Up to then, during more than seven decades of production, no U.S. coin had carried the motto, or anything resembling it. U.S. coinage had never made reference before that time to a supreme being – but the strong religious sentiments stirred by the Civil War created a climate conducive to the use of such an inscription.
A Baptist minister from Ridleyville, Pa., the Rev. Mark R. Watkinson, is credited with planting the seed for this unprecedented action. In a letter to Salmon P. Chase, President Abraham Lincoln’s Treasury Secretary, dated Nov. 13, 1861, Watkinson urged that provision be made for “the recognition of the Almighty God in some form on our coins.”
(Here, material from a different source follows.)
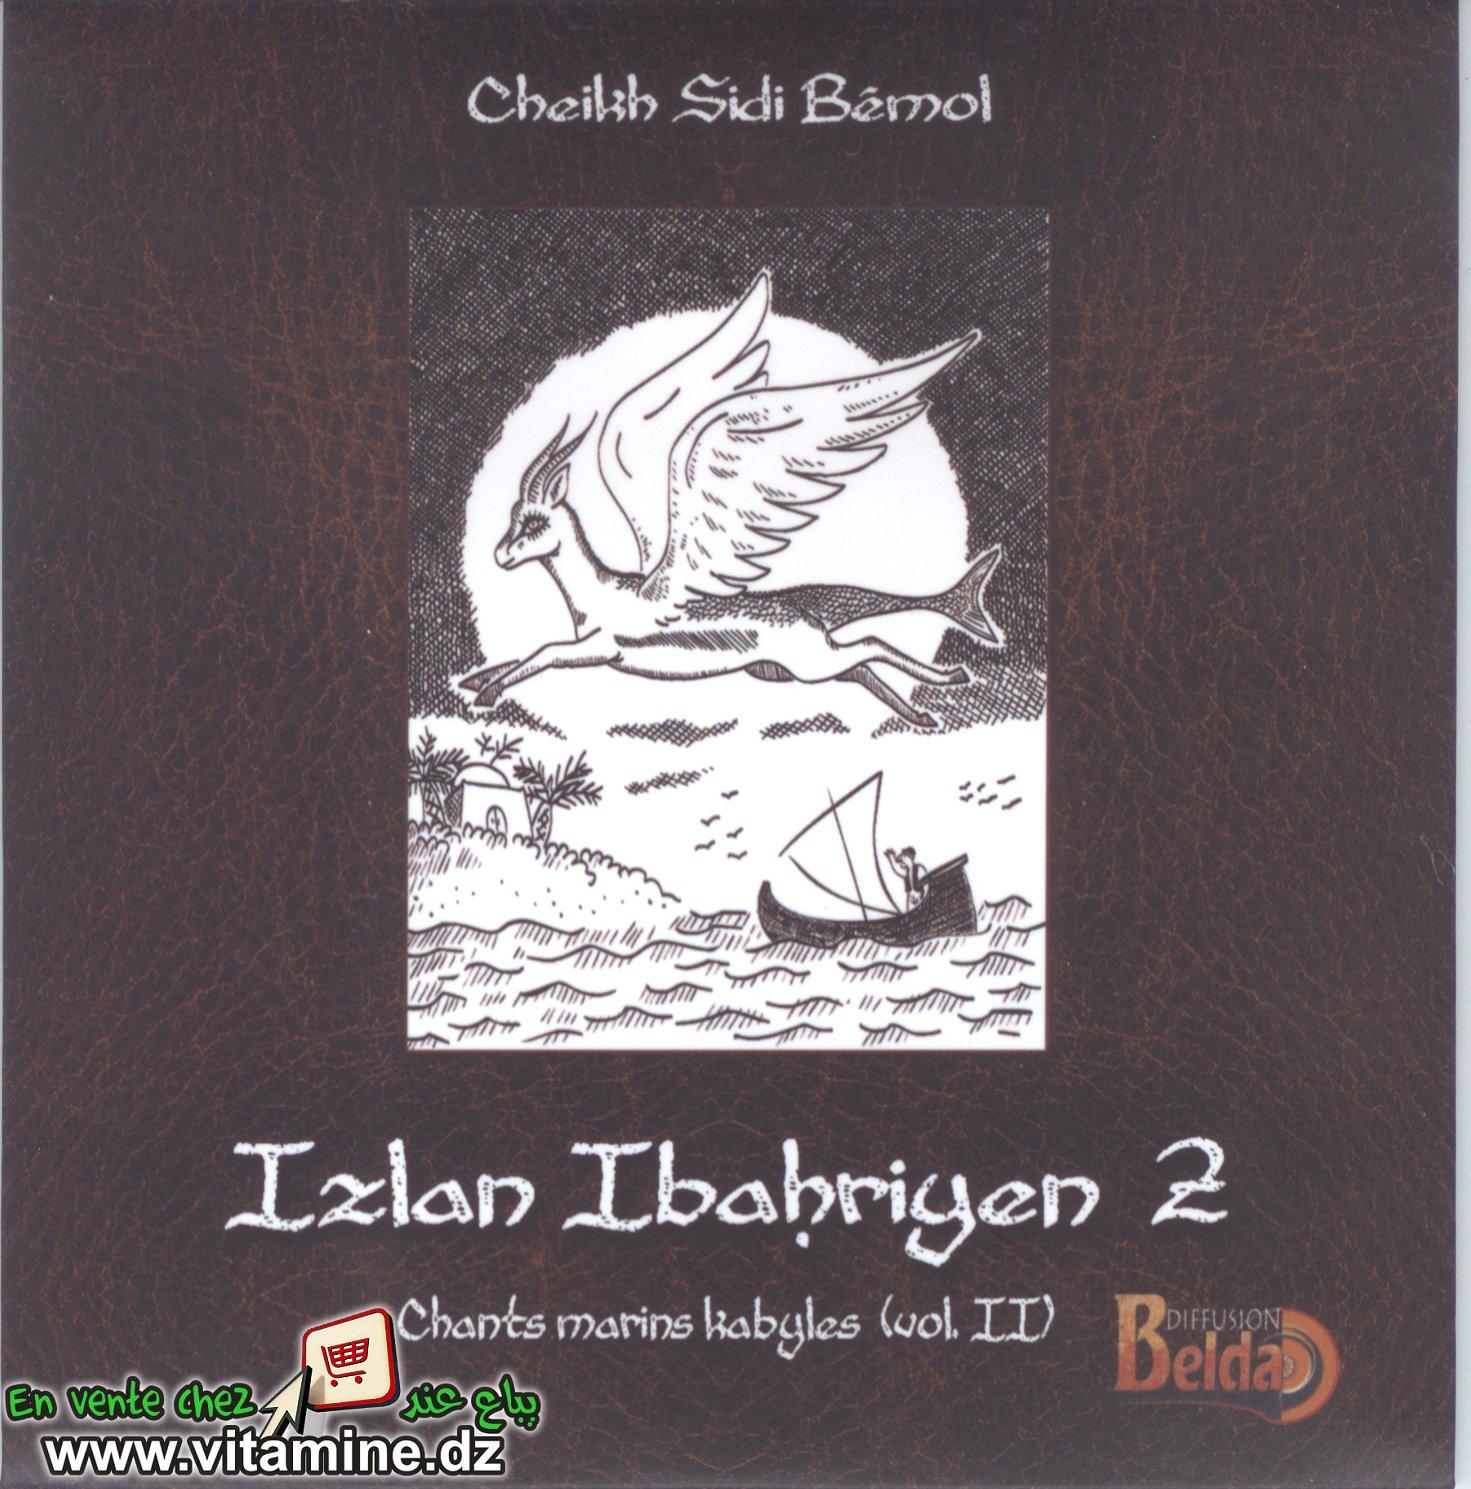 Cheikh Sidi Bémol - izlan ibahriyen vol 2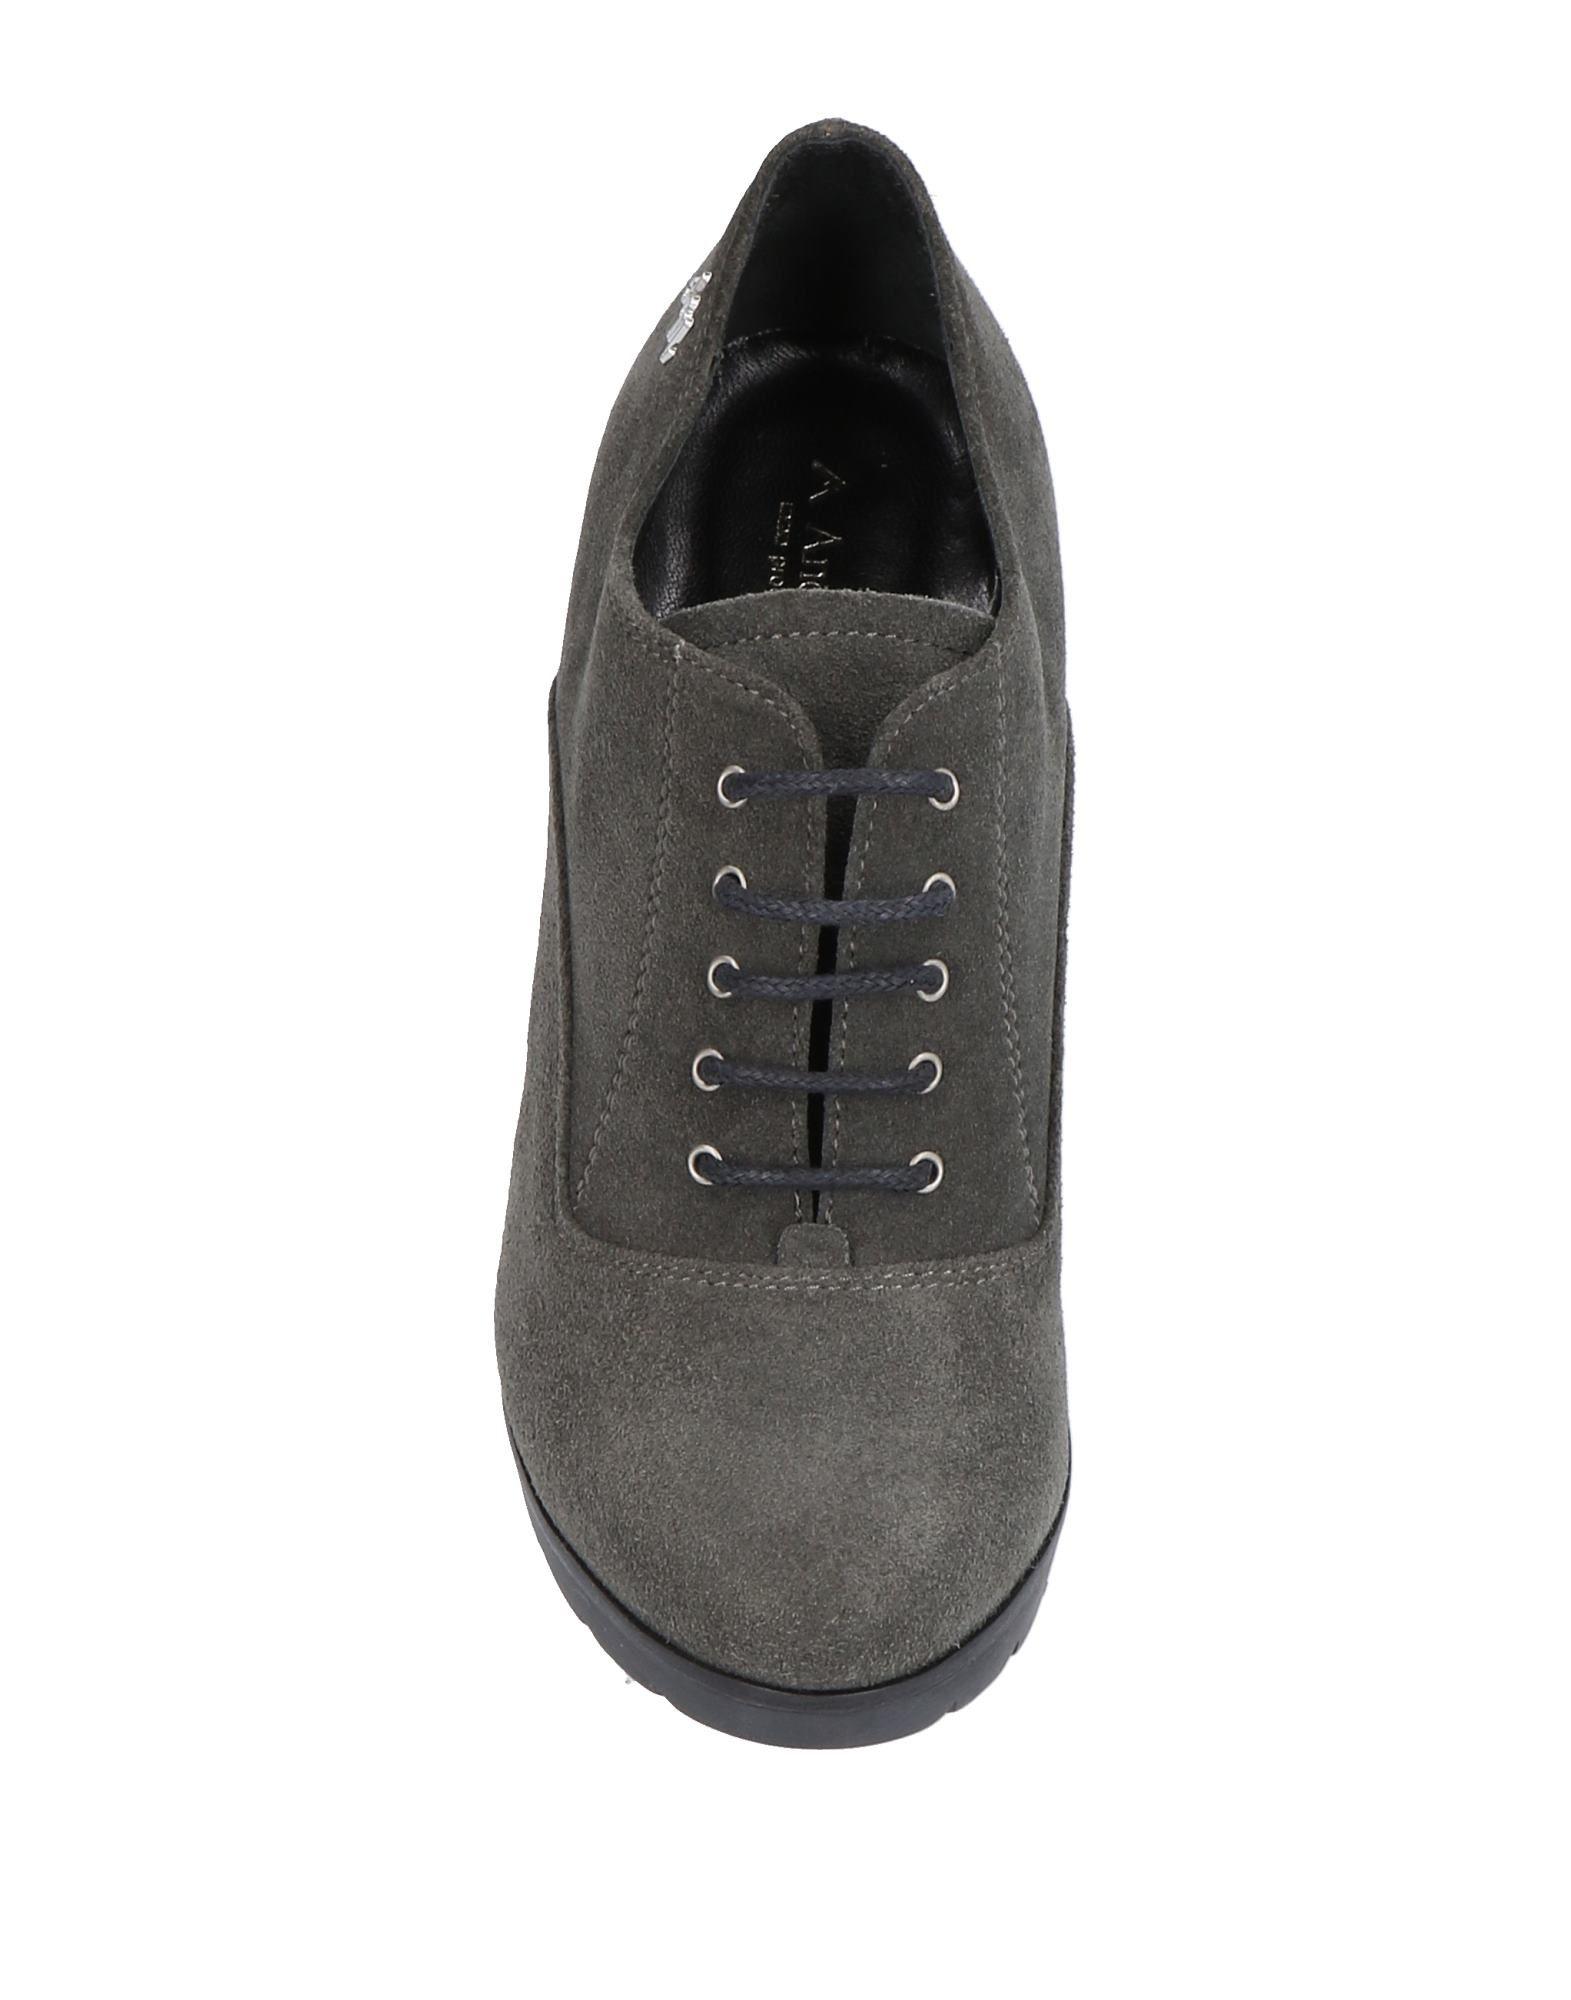 Gut um Morelli billige Schuhe zu tragenAndrea Morelli um Schnürschuhe Damen  11486968HU 74162d

The mating of the two-cent piece with the motto “In God We Trust,” starting in 1864, seems to have been a marriage of convenience. Secretary Chase had been pondering the placement of some such wording on one or more of the nation’s coins since early in the war, and the two-cent piece – being new – made this possible without undue disruption.
Initially, the Mint’s chief engraver, James Barton Longacre, fashioned two pattern two-cent pieces carrying not only dissimilar designs but also different inscriptions.
One of the patterns featured the words “God and Our Country” and the other had the words “God Our Trust.”
The late numismatist Walter Breen speculated that the final form was influenced by the motto of Chase’s alma mater, Brown University: “In Deo Speramus,” a Latin phrase meaning “In God We Hope.” Whatever the explanation, “In God We Trust” was chosen.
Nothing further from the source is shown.